Pour la première fois, le festival prend ses quartiers au légendaire Empire Cinéma du square Leicester. Cette année, le jury est présidé par le réalisateur néerlandais Jos Stelling : “J’adore les Russes pour tout un tas de raisons, en particulier en tant que public : j’ai personnellement eu plusieurs fois l’occasion de m’en rendre compte, dit-il. J’ai travaillé avec des acteurs russes. Et puis je trouve que c’est un pays fermé. C’est le plus grand pays au monde mais il est toujours assez fermé et replié sur lui-même. Je trouve donc très intéressant de voir des films russes à Londres, c’est formidable. C’est une grande opportunité.”

Une opportunité également d’améliorer son russe puisque toutes les oeuvres présentées – films, documentaires, ou films d’animations – sont diffusées en version originale sous-titrée en anglais. Cette année ils sont dix en compétition pour le London Lion Award qui sera décerné le 17 novembre.

Après Londres, direction Rome, qui a ouvert son festival avec “L’ultima ruota del carro” (la cinquième roue du carrosse, ndlr), de Giovanni Veronesi. Elio Germano, Alessandra Mastronardi et Ricky Memphis sont à l’affiche de cette comédie italienne présentée hors compétition.
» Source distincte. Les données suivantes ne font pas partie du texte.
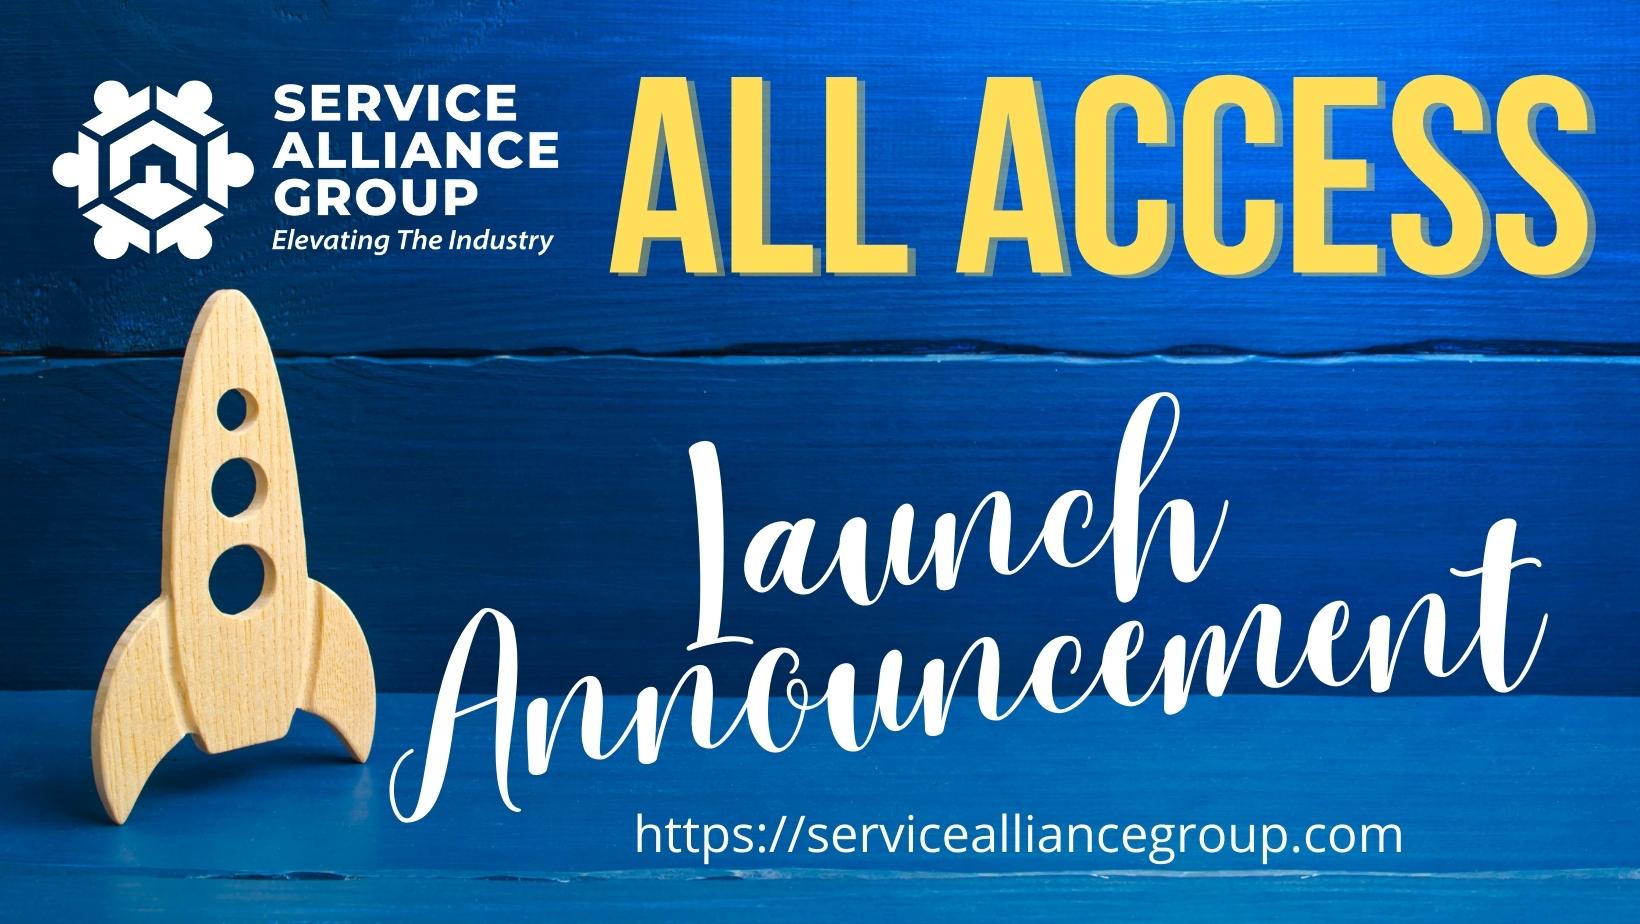 Service Alliance Group Trade Association launch announcement

Le directeur artistique du festival Marco Muller commente ses choix : “J’espère qu’on pourra satisfaire les différents groupes de spectateurs de Rome, d’Italie, d’Europe, avec un programme tout en contradictions dans le sens où la philosophie d’un événement métropolitain c’est d’offrir une philosophie en mouvement. Alors on a réuni des éléments opposés, l’industrie et la culture, le divertissement et la recherche de nouvelles formes.”

Parmi les 18 films qui tenteront de décrocher le Marc Aurèle d’or le 17 novembre, on retient notamment “Out of the Furnace”, “Her” ou encore “Dallas Buyers Club”. Mais la programmation hors compétition est elle aussi très attendue, avec par exemple “Hunger Games : l’embrasement”.